▶ YOUR GOAL: Would you write out the listing verbatim and skip every picture in it?

▶ INFORMATION PROVIDED:
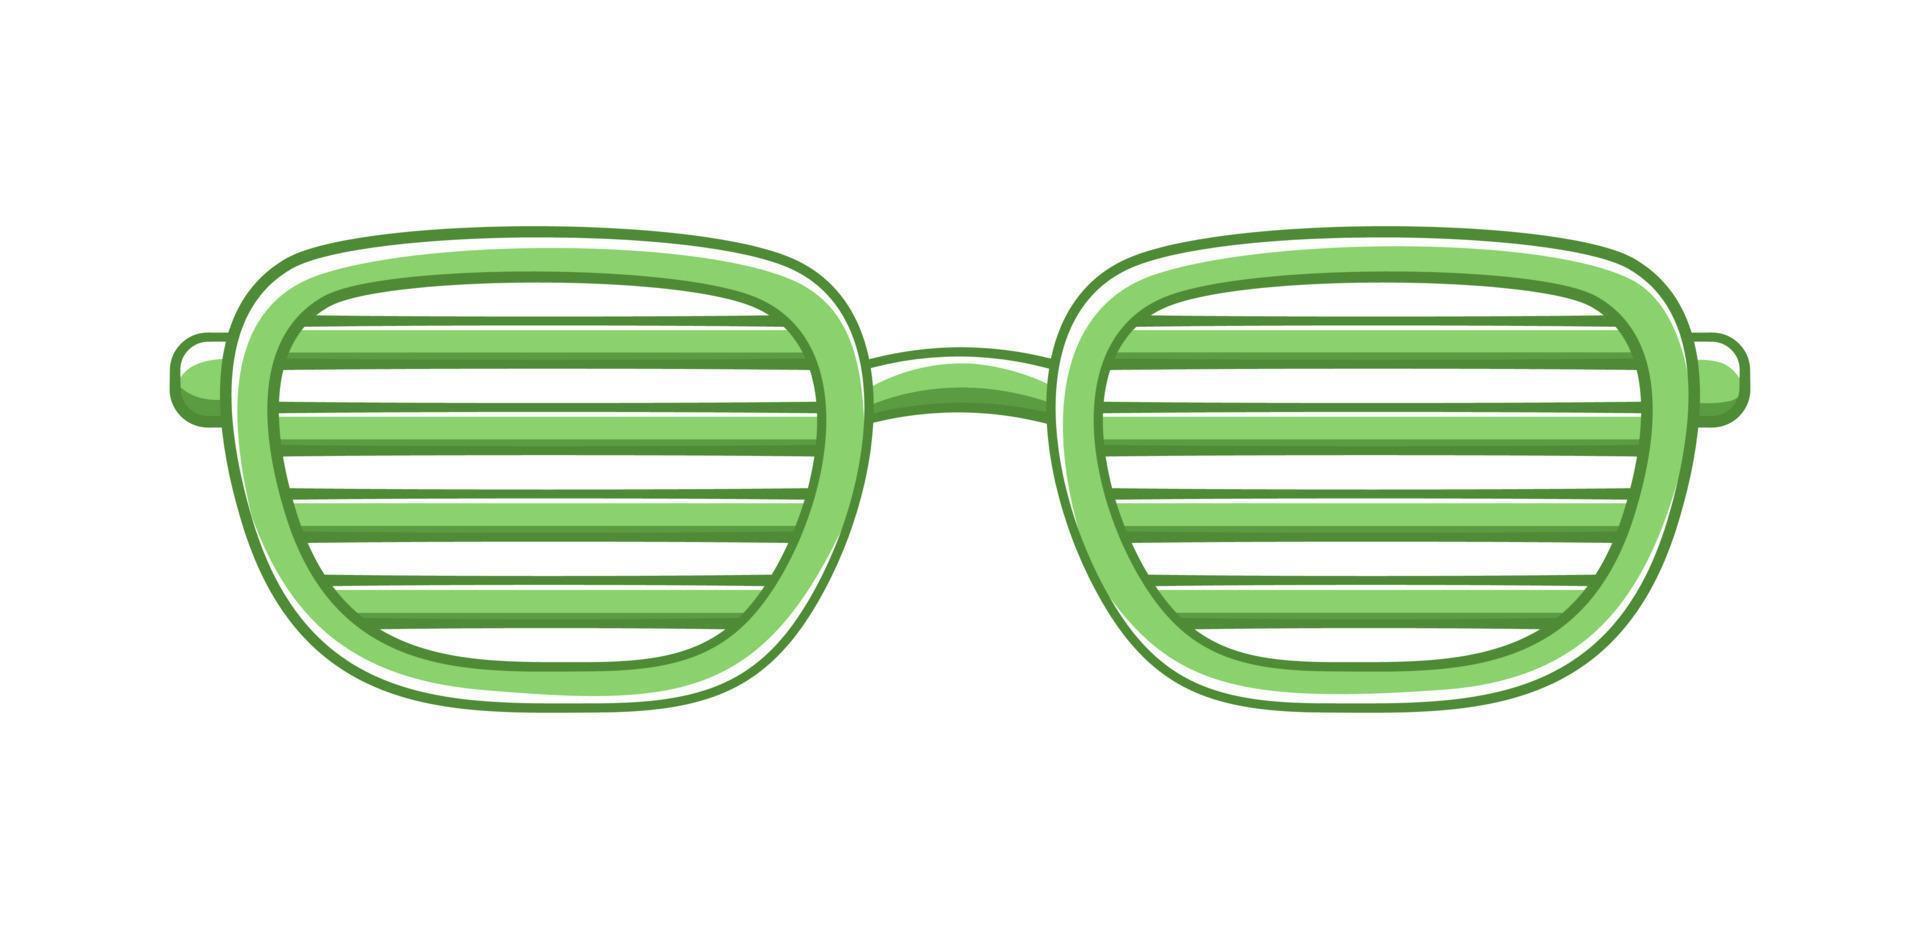 kalk grön slutare nyanser ClipArt. skraj fest glasögon vektor illustration.
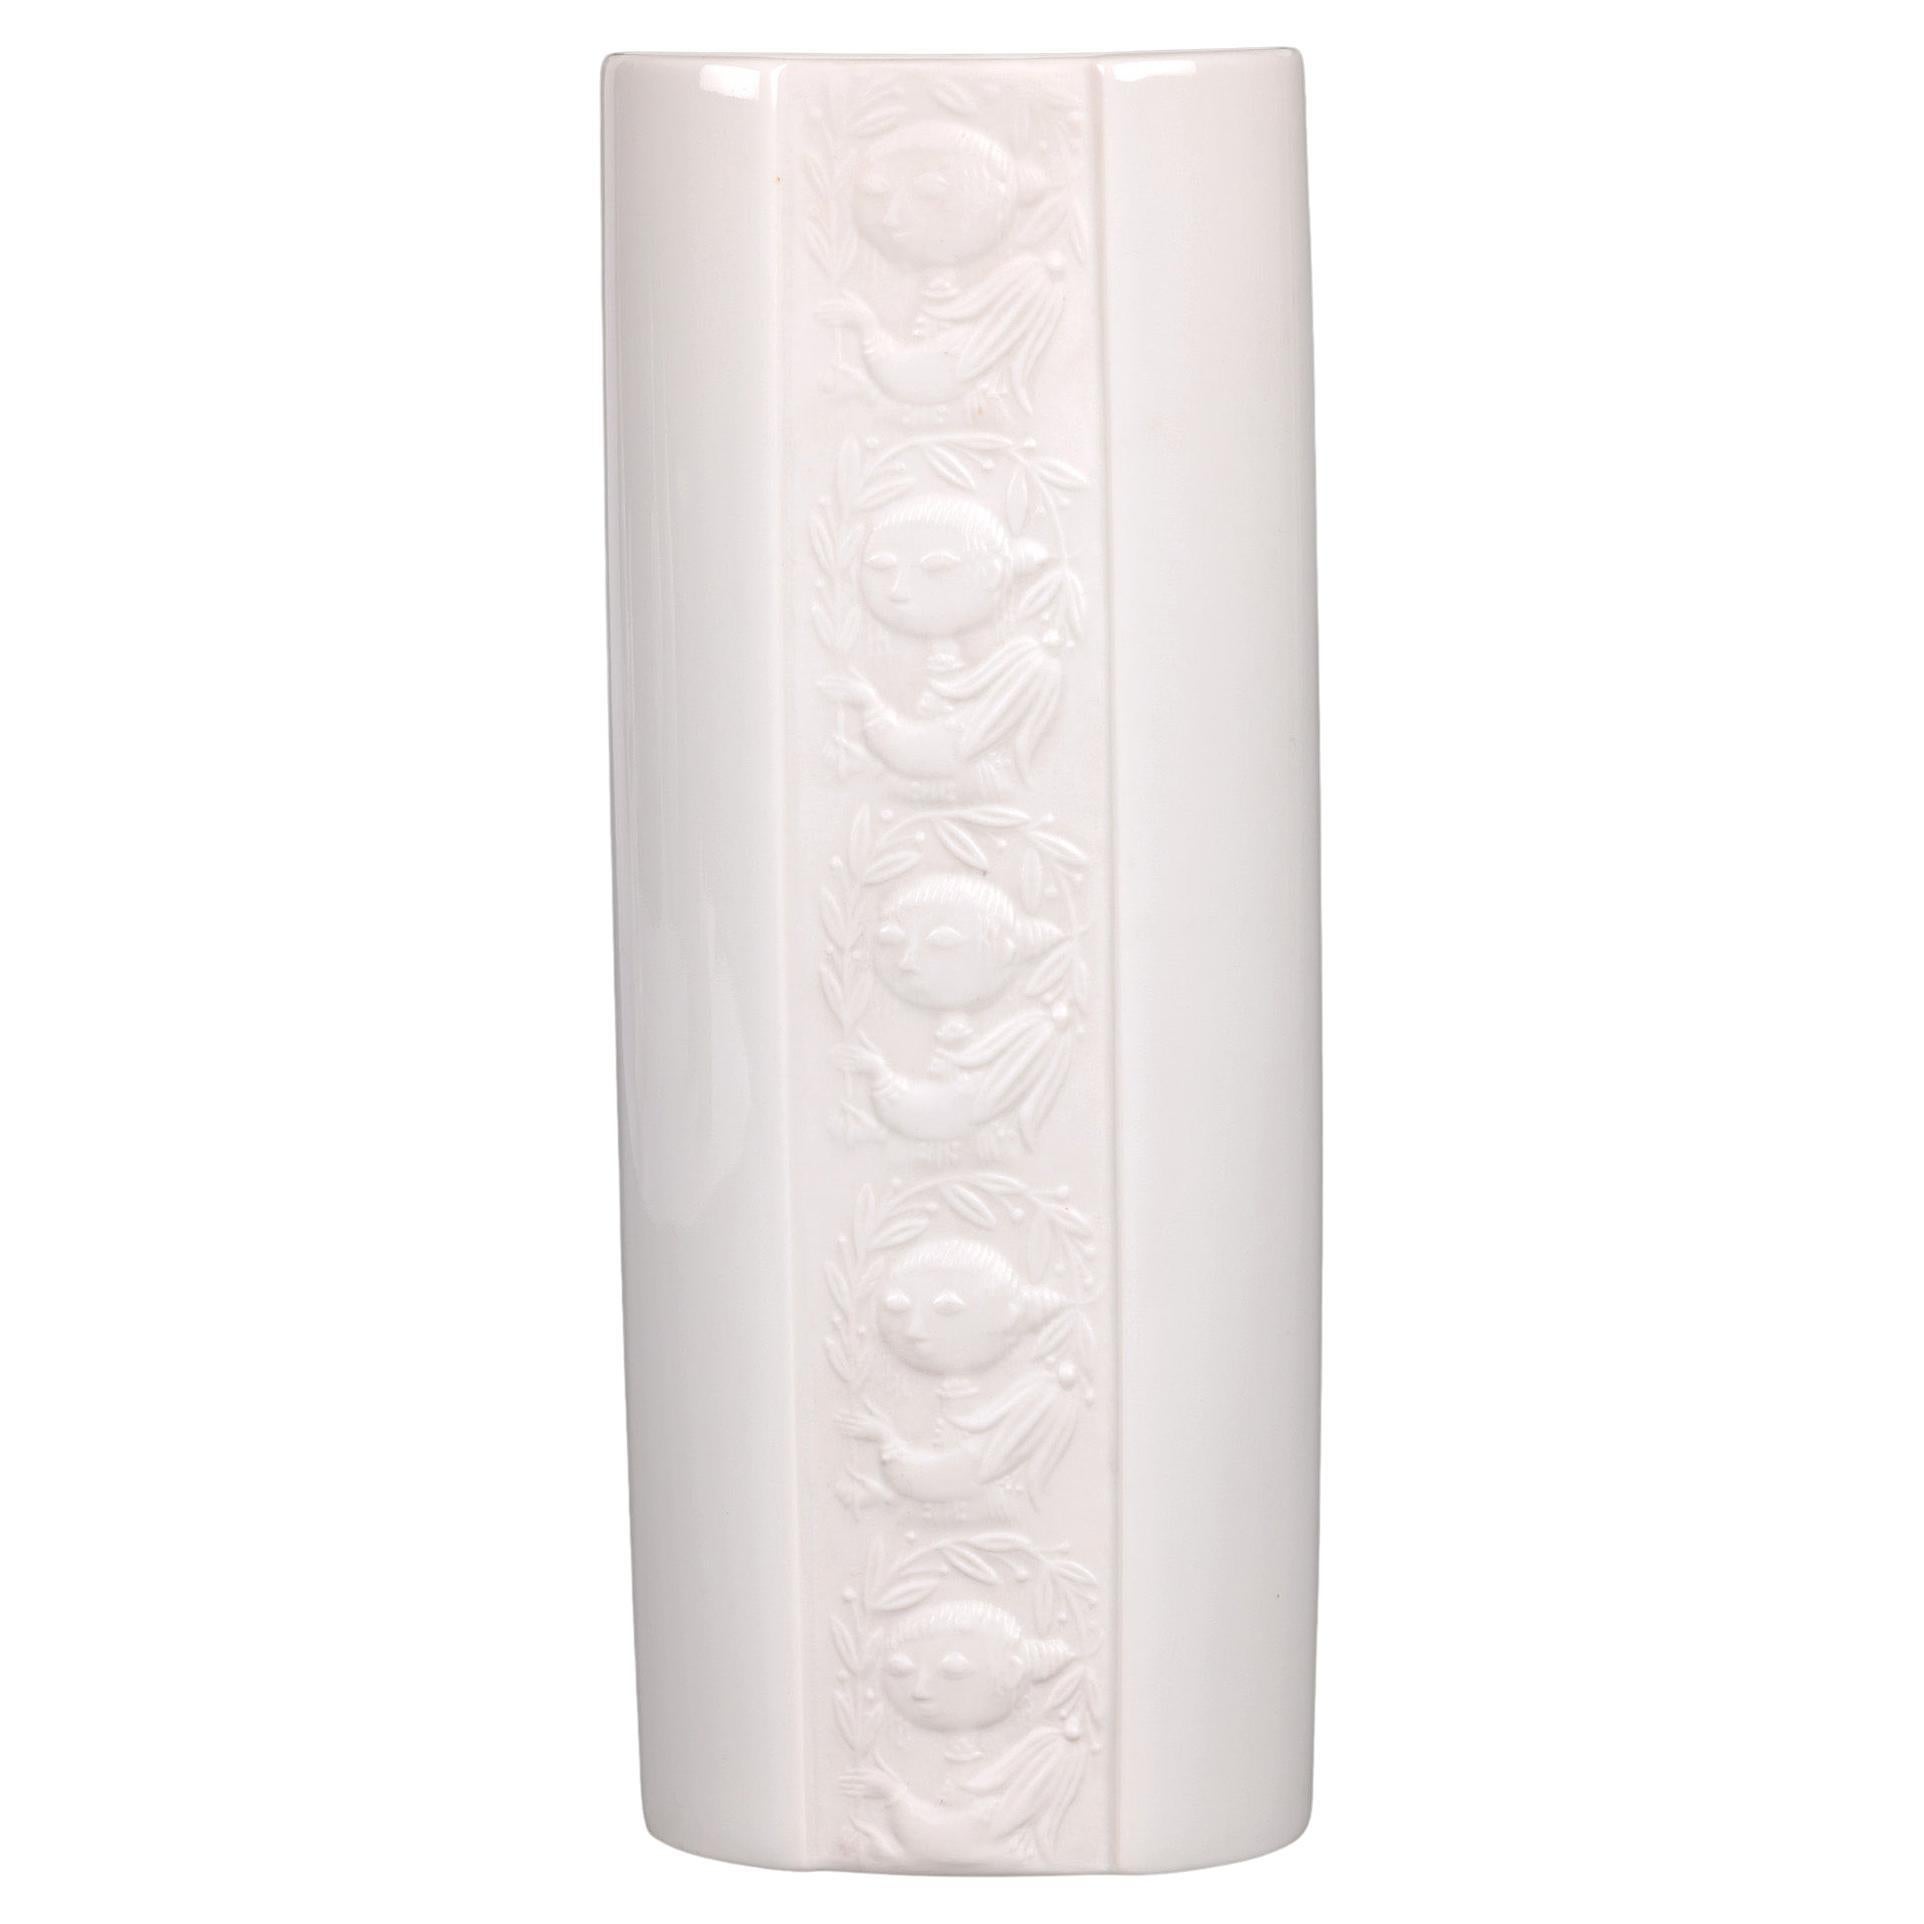 Bjorn Wiinblad for Rosenthal Studio-Linie White Porcelain Vase For Sale
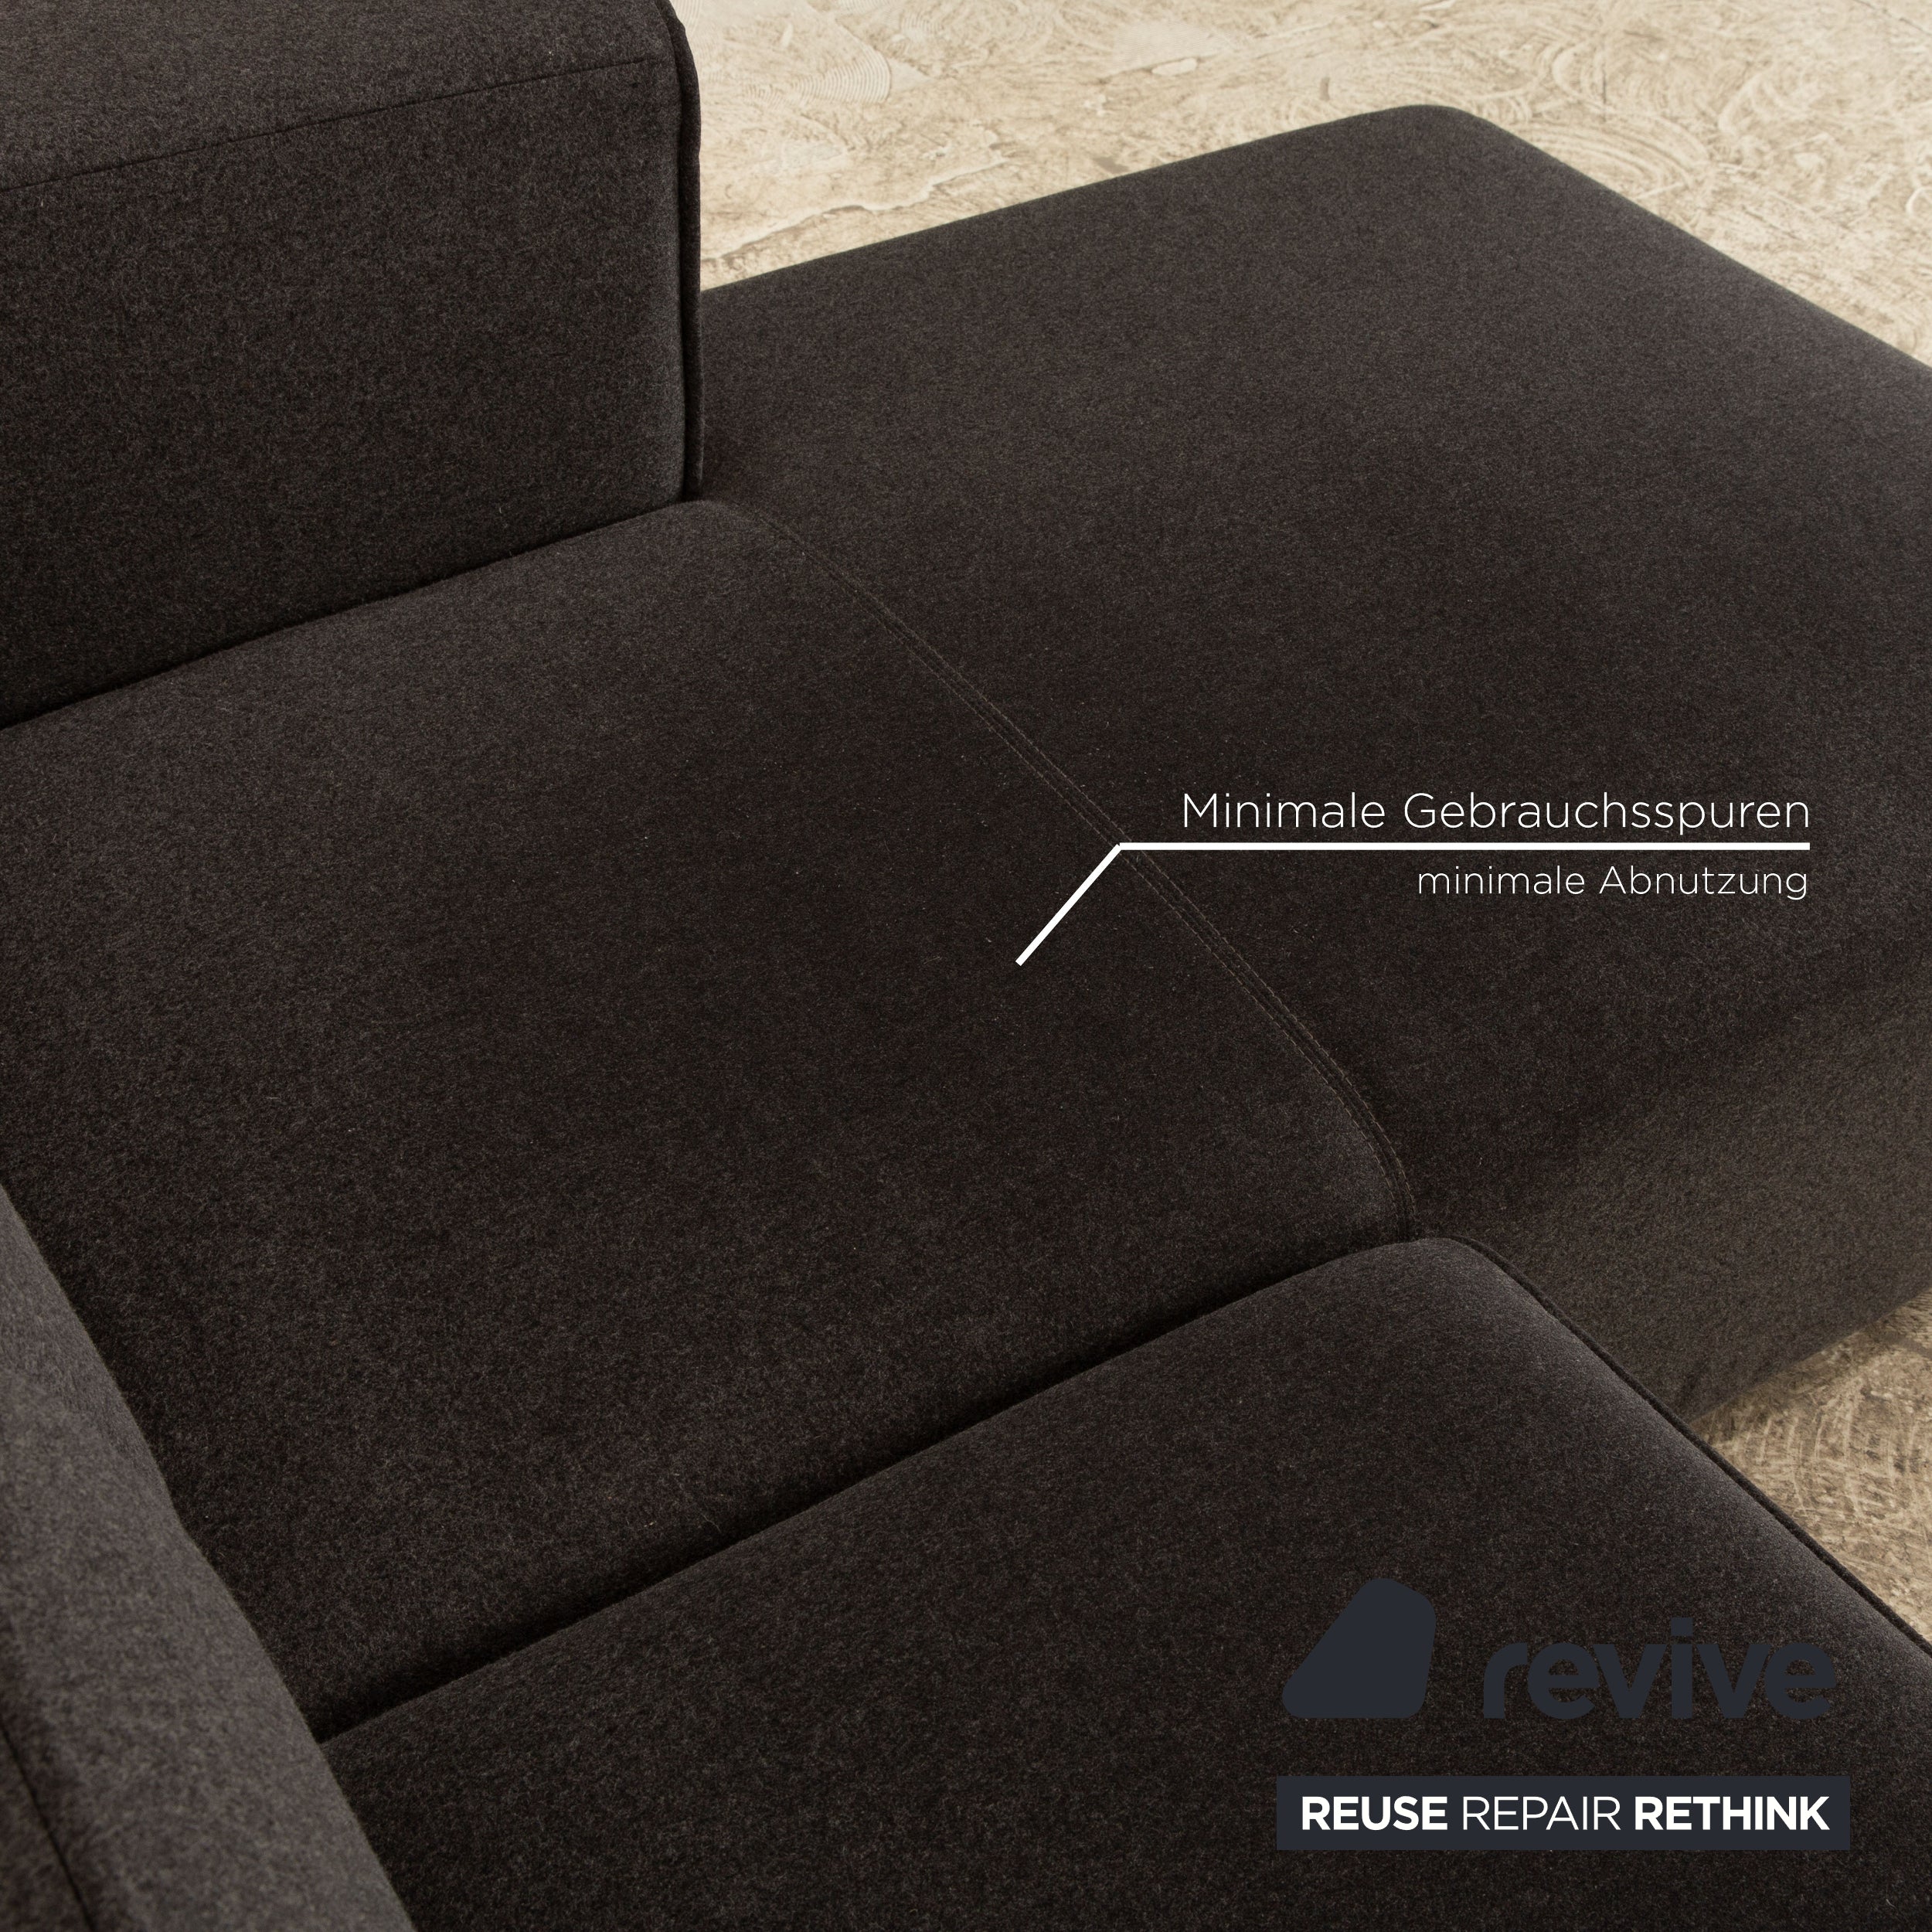 BoConcept Carmo fabric corner sofa anthracite chaise longue right & left sofa couch

▶ COMPLETED TASK:
 kalk grön slutare nyanser ClipArt. skraj fest glasögon vektor illustration.
 Bjorn Wiinblad for Rosenthal Studio-Linie White Porcelain Vase For Sale
 BoConcept Carmo fabric corner sofa anthracite chaise longue right & left sofa couch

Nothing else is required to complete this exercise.